Segment Start: Raw data

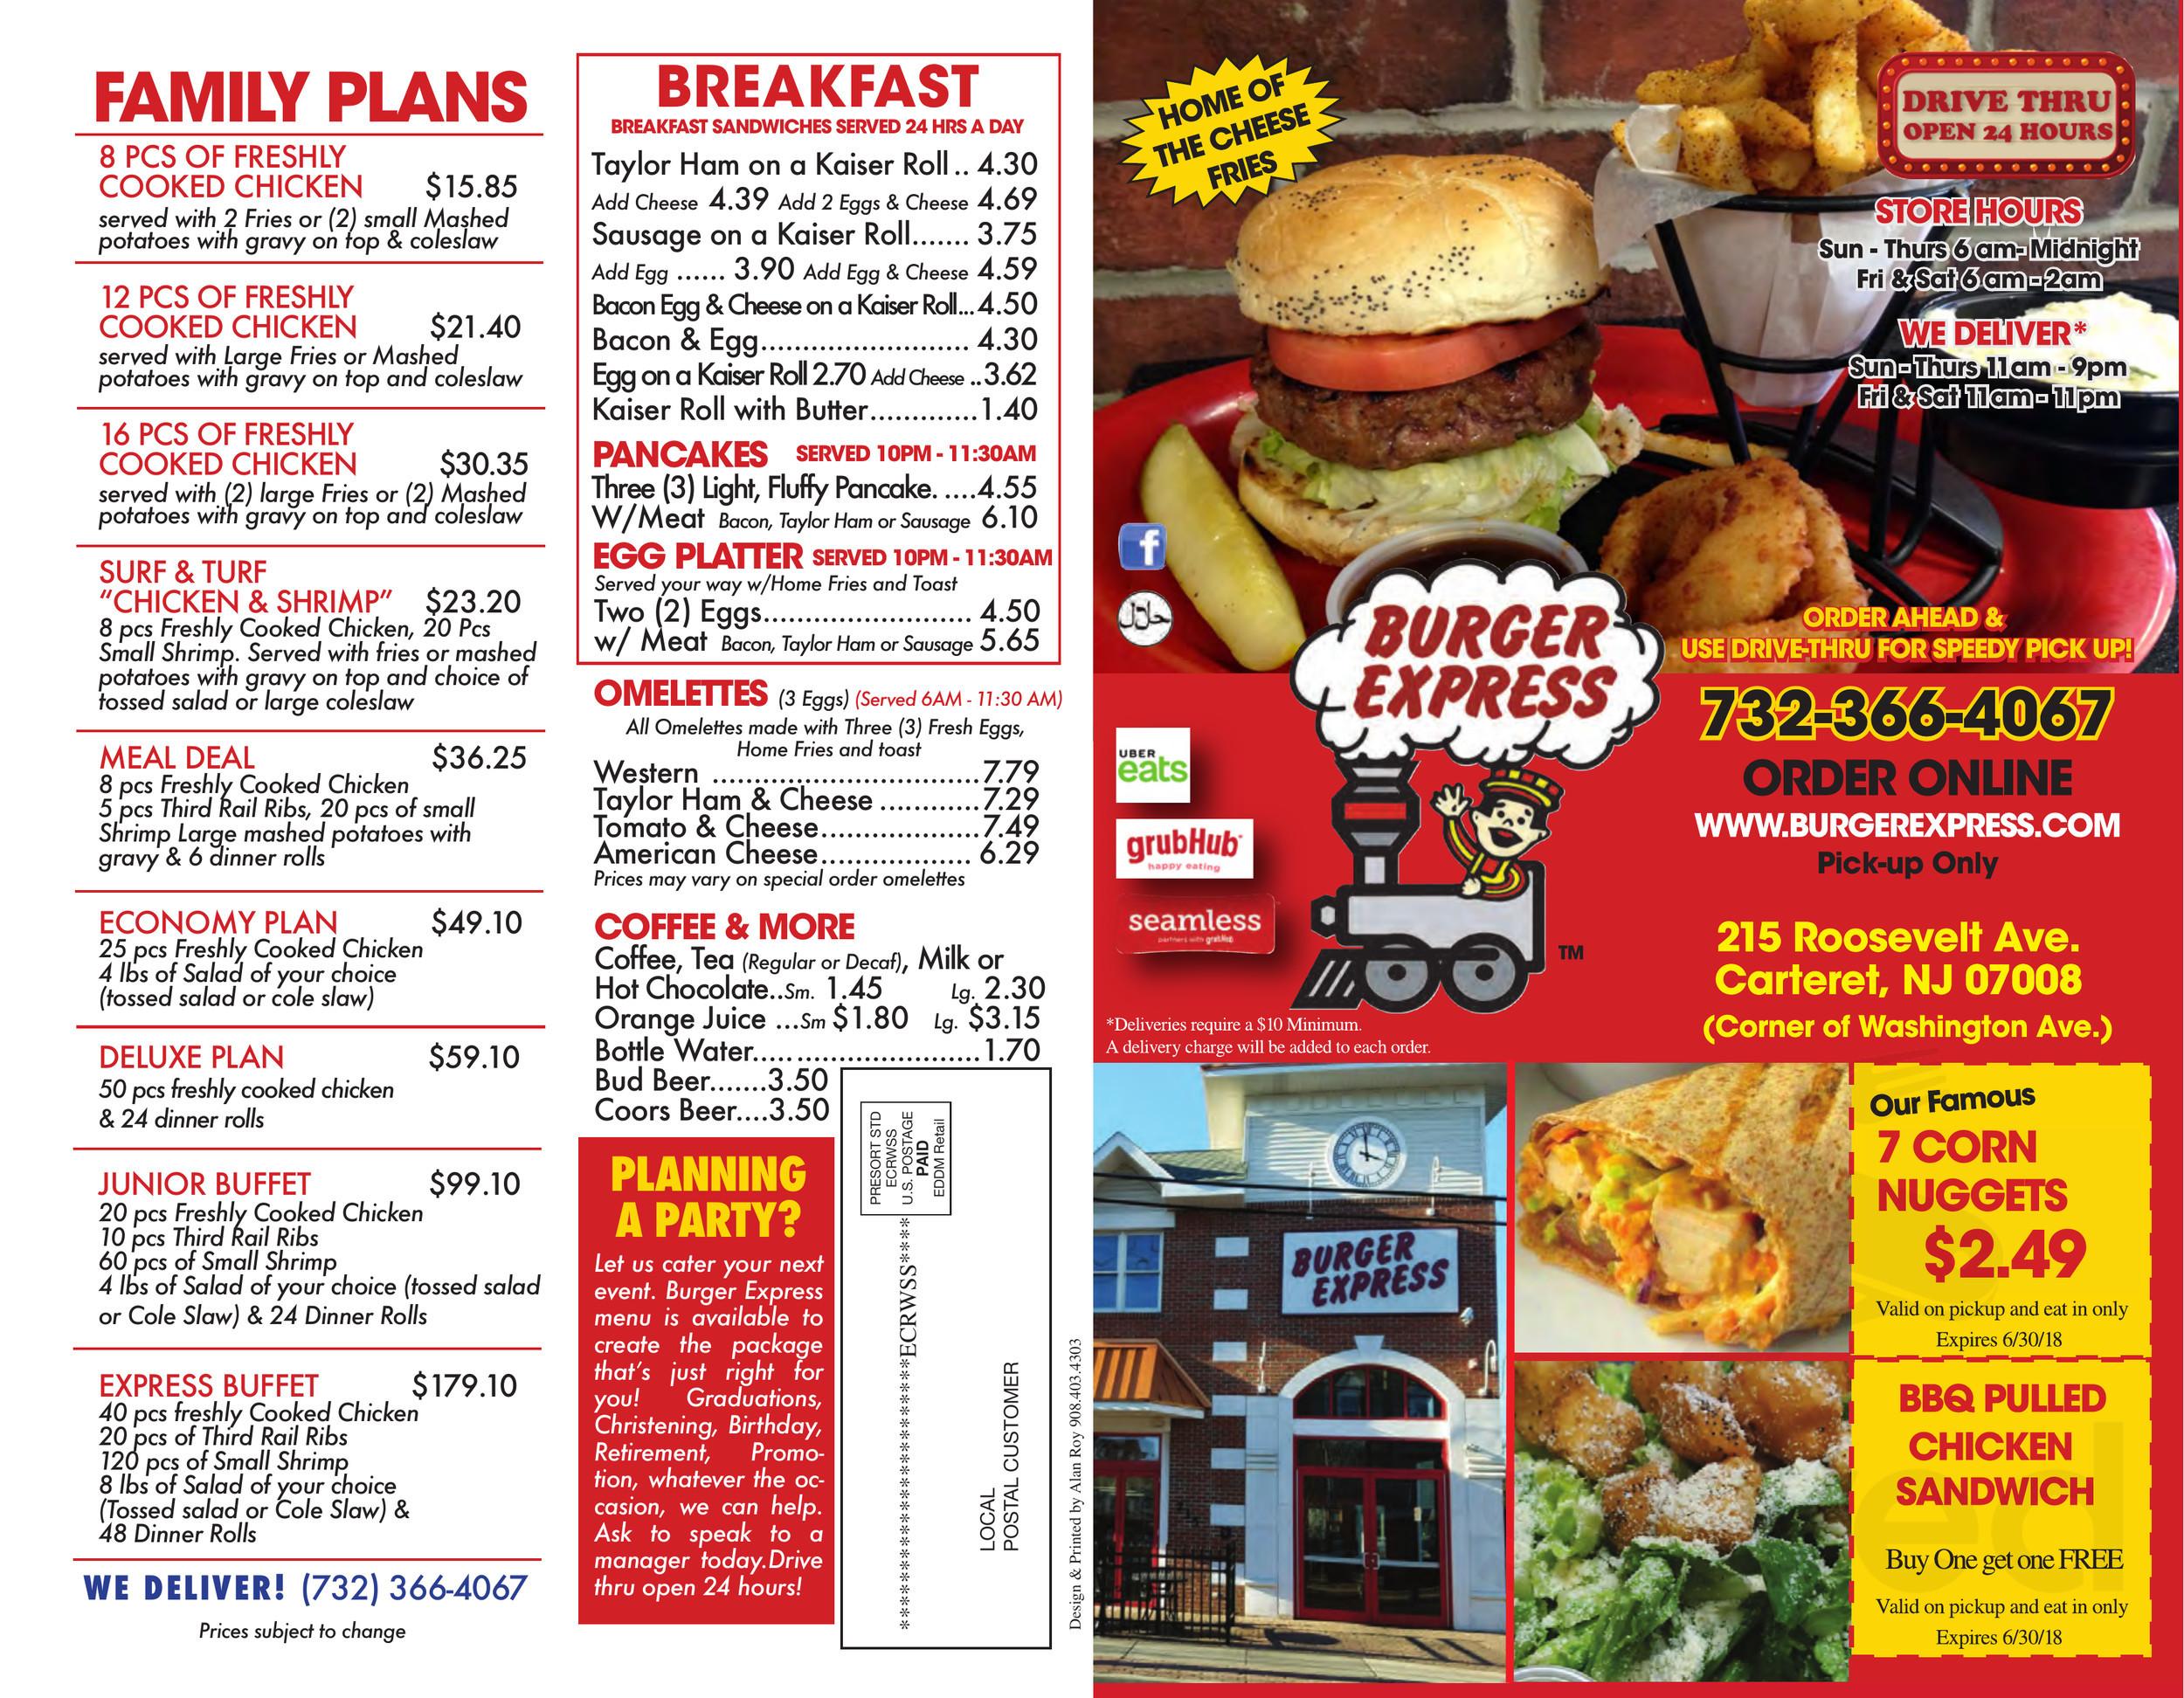 Burger express coupons free
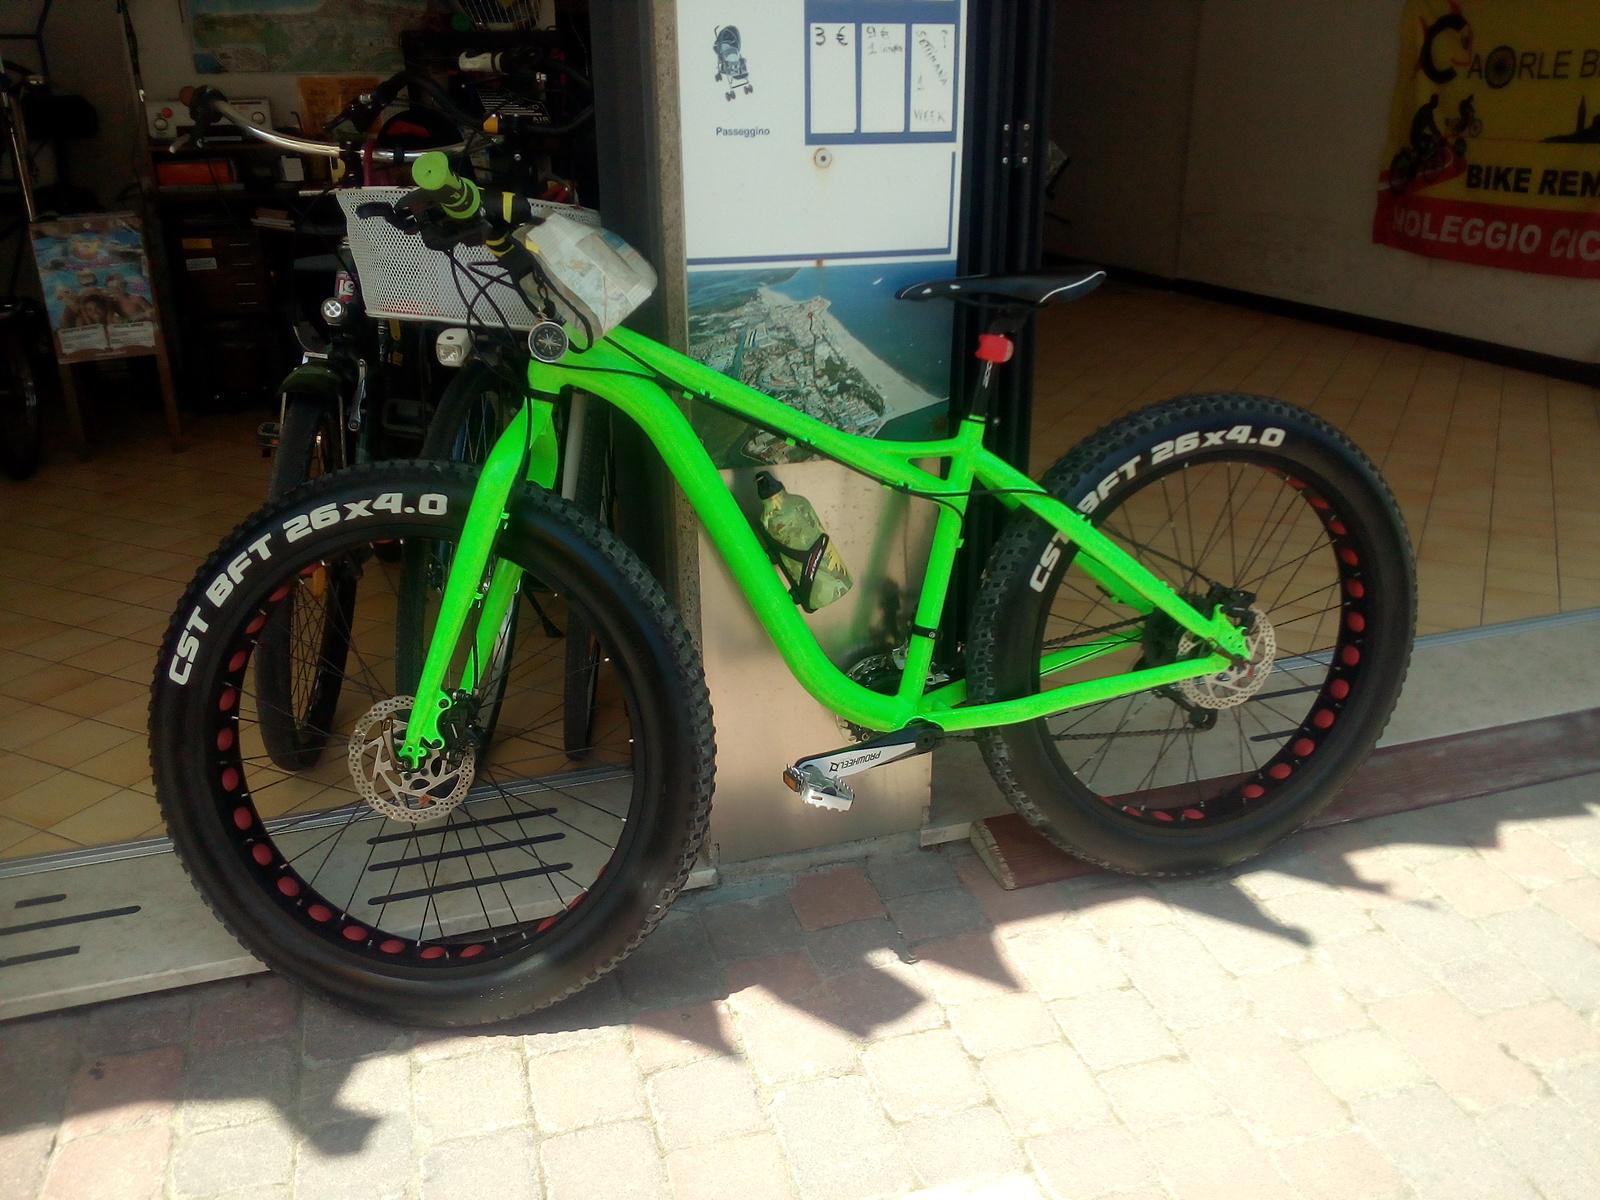 Caorle Noleggio Cicli Caorlebike Bike Rental Risciò
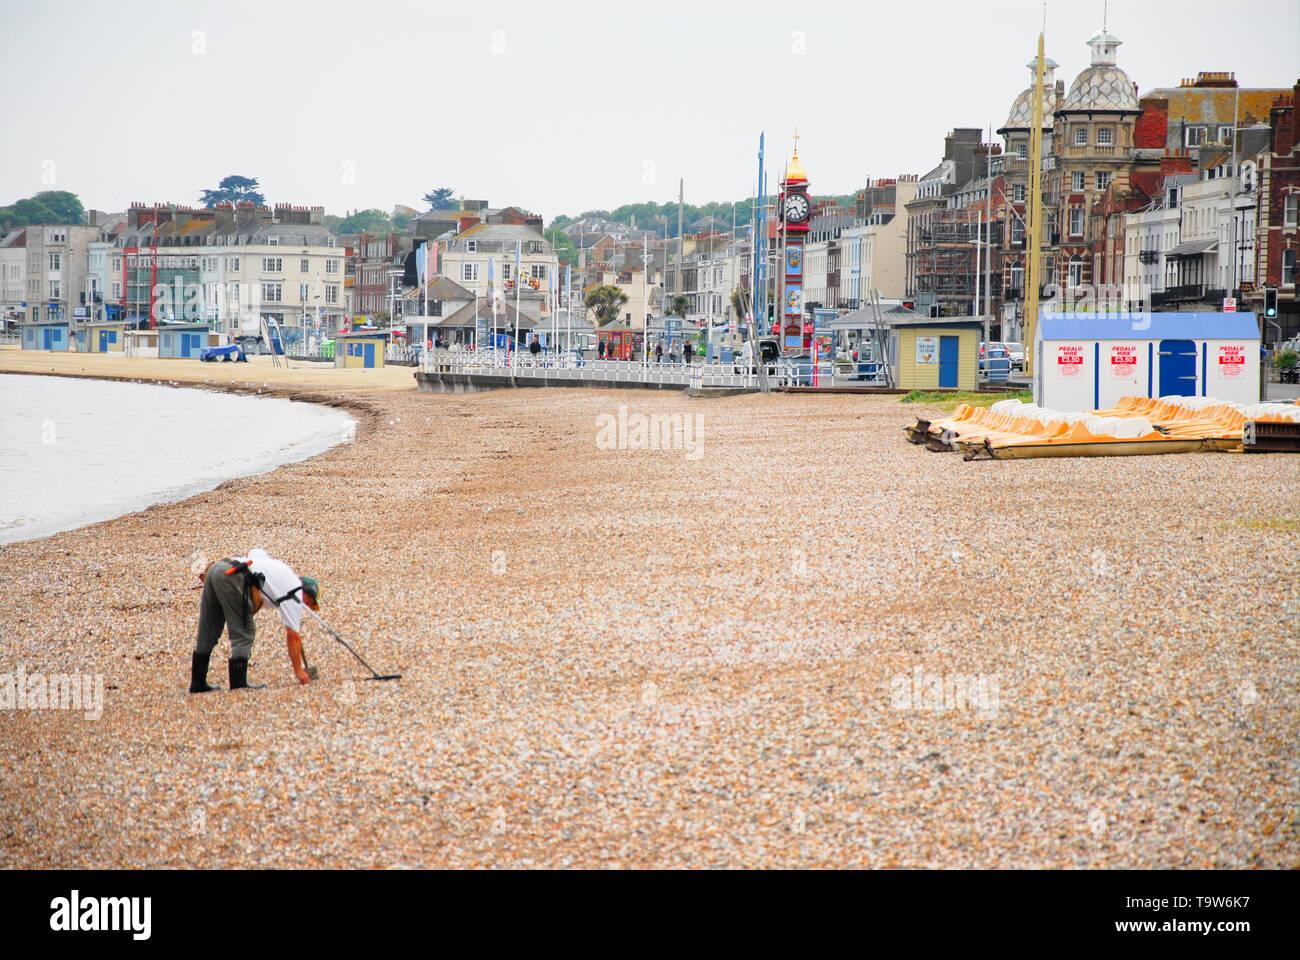 Weymouth. Il 20 maggio 2019. Un uomo che usa il suo rivelatore di metalli per la ricerca per la perdita di modificare su una cortina di nubi Weymouth beach. Credito: stuart fretwell/Alamy Live News Immagini Stock

Segment End: Raw data

### The problem:
From the line that contains "Caorle Noleggio Cicli" to the last line of the data above, inclusive, transcribe every line exactly and only those lines, omitting pictures.

### Answer space:
 Caorle Noleggio Cicli Caorlebike Bike Rental Risciò
 Weymouth. Il 20 maggio 2019. Un uomo che usa il suo rivelatore di metalli per la ricerca per la perdita di modificare su una cortina di nubi Weymouth beach. Credito: stuart fretwell/Alamy Live News Immagini Stock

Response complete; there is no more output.